Copy the data exactly. Images are to be left out.

◆ **SUPPLIED MATERIAL**
______________________________

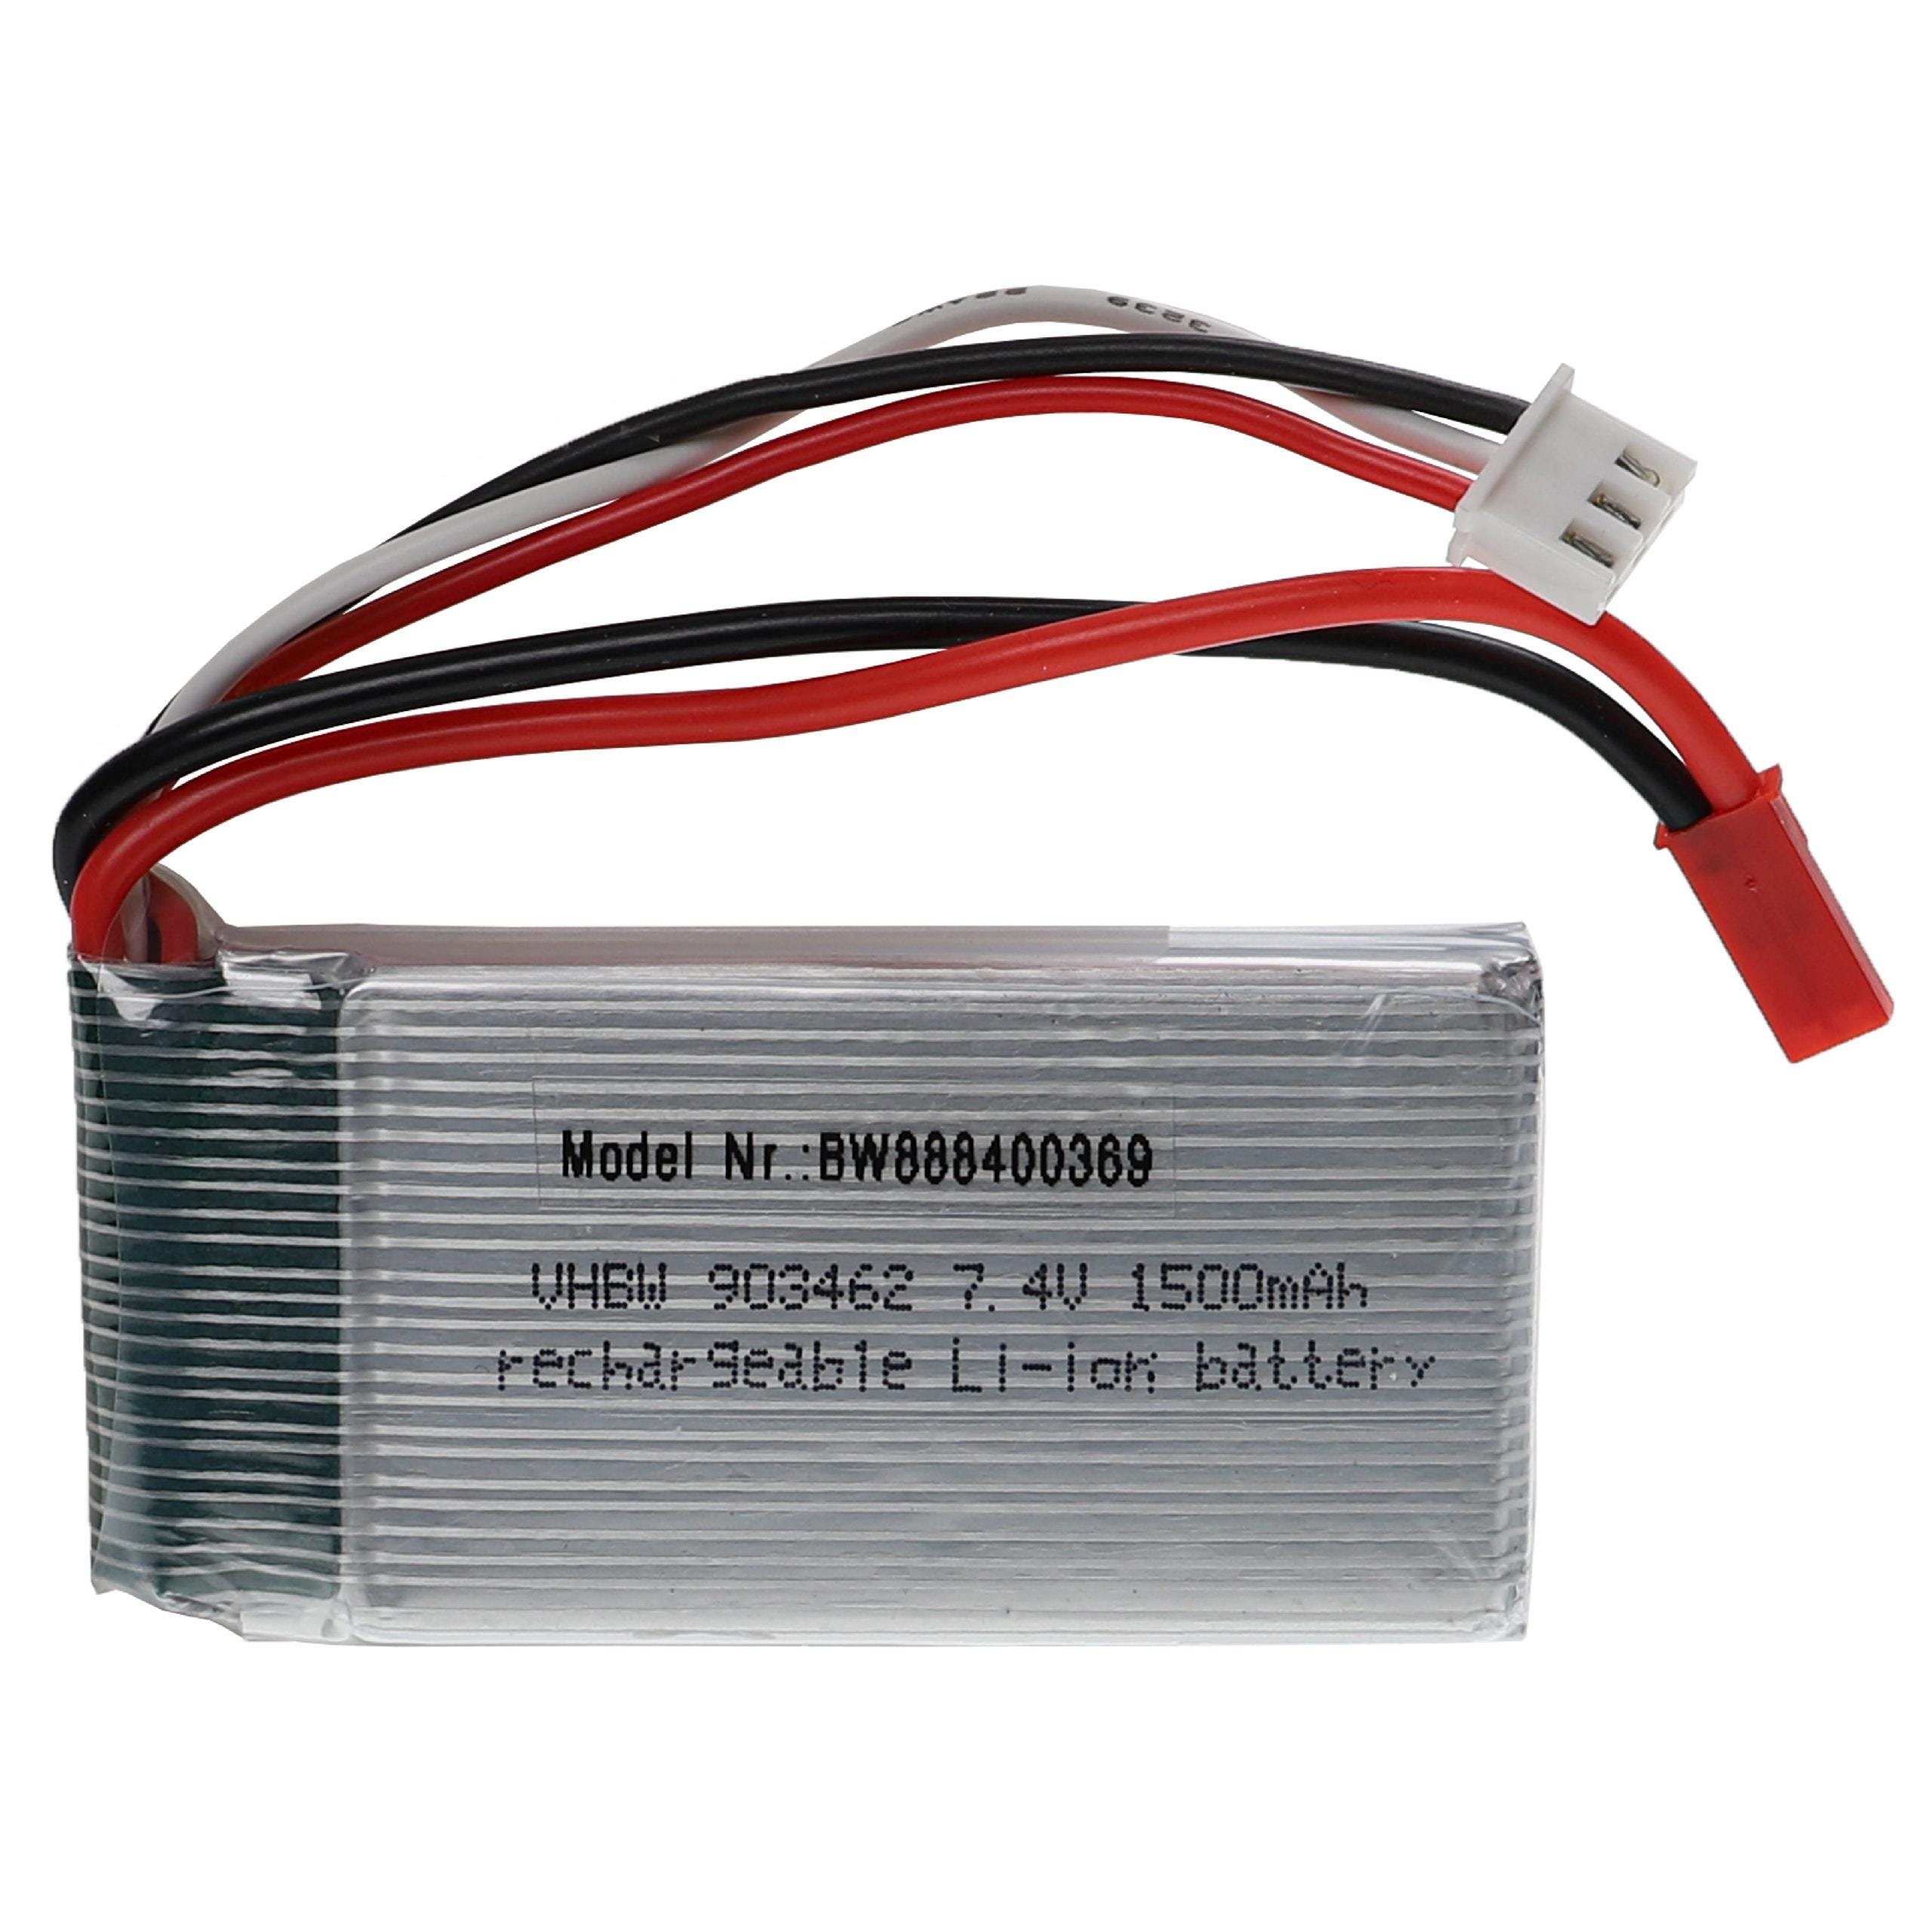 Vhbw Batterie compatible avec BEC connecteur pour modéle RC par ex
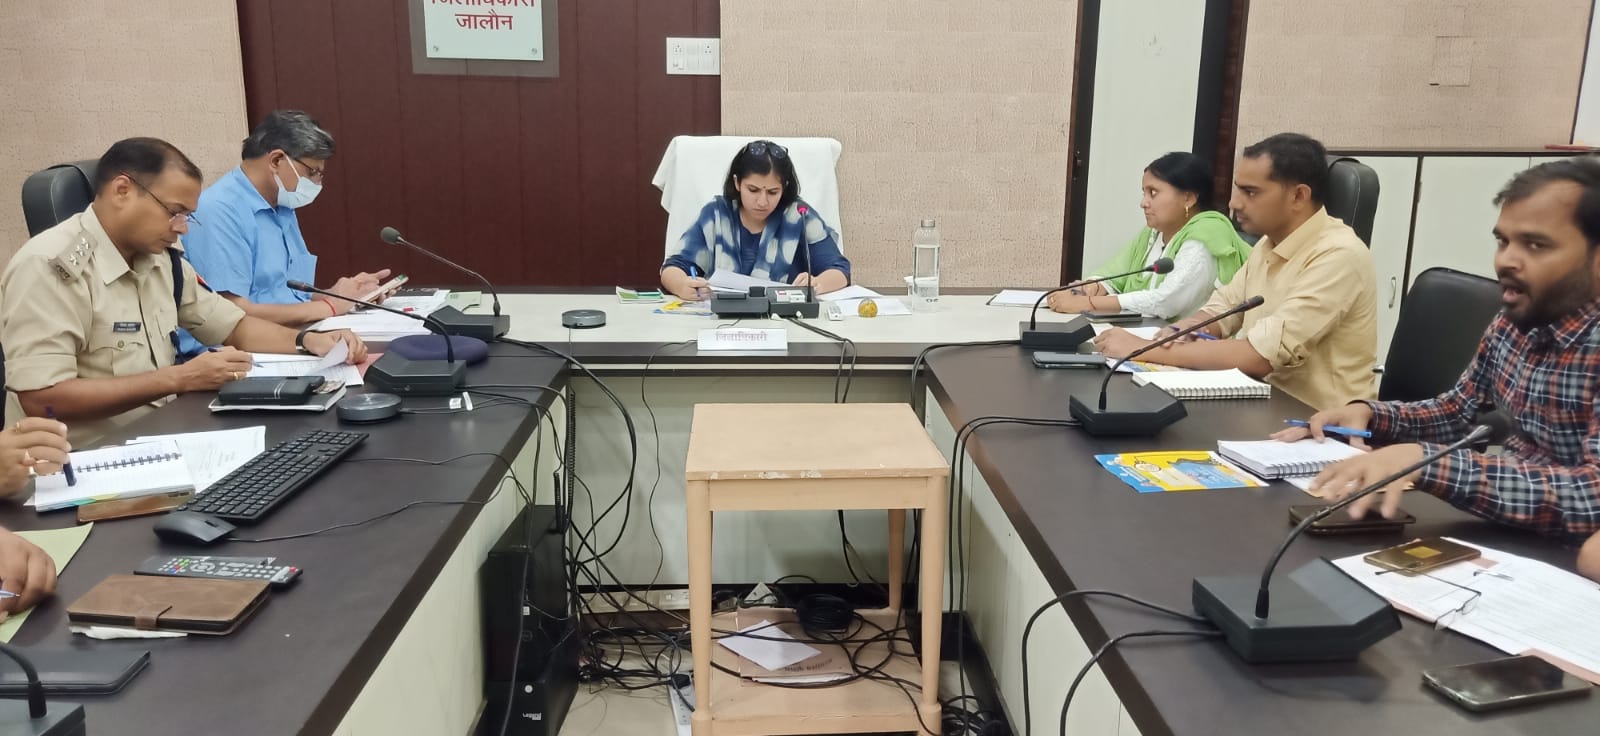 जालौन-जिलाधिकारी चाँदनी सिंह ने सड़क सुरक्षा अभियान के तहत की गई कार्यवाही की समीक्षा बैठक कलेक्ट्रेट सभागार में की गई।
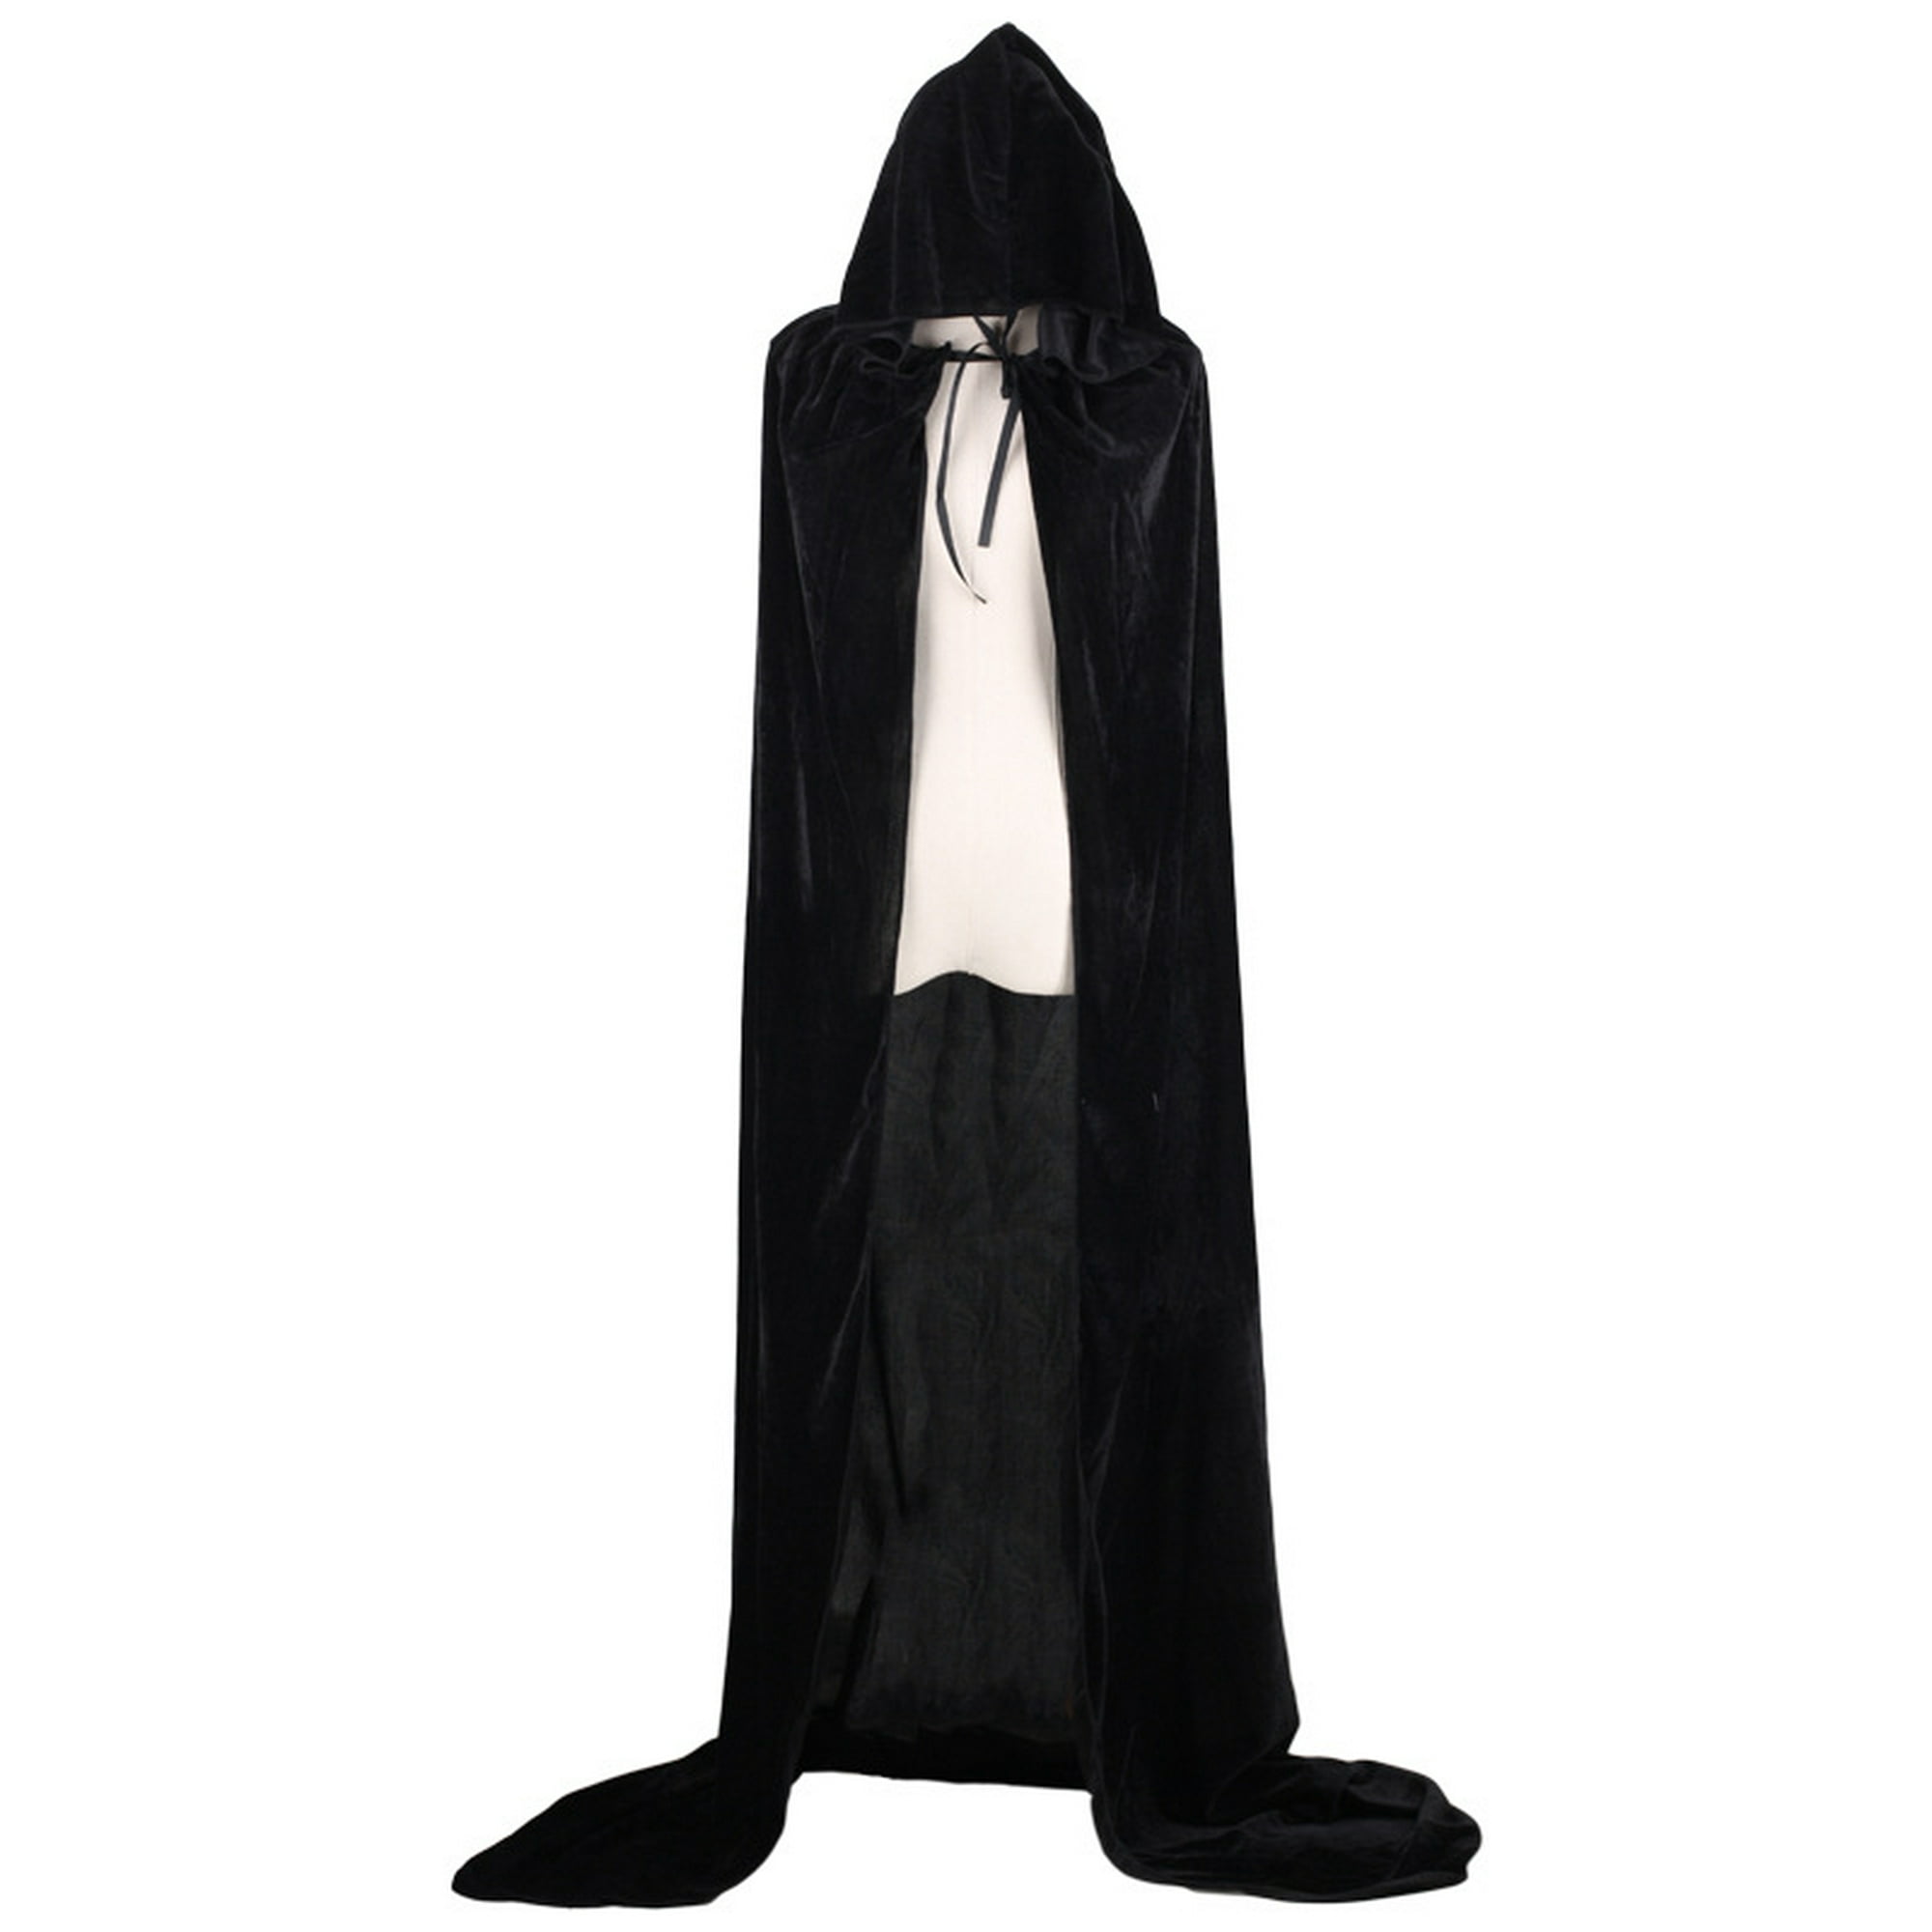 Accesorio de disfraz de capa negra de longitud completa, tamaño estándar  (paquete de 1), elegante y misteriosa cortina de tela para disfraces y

______________________________

◆ **WRITTEN RESPONSE**
 Vhbw Batterie compatible avec BEC connecteur pour modéle RC par ex
 जालौन-जिलाधिकारी चाँदनी सिंह ने सड़क सुरक्षा अभियान के तहत की गई कार्यवाही की समीक्षा बैठक कलेक्ट्रेट सभागार में की गई।
 Accesorio de disfraz de capa negra de longitud completa, tamaño estándar  (paquete de 1), elegante y misteriosa cortina de tela para disfraces y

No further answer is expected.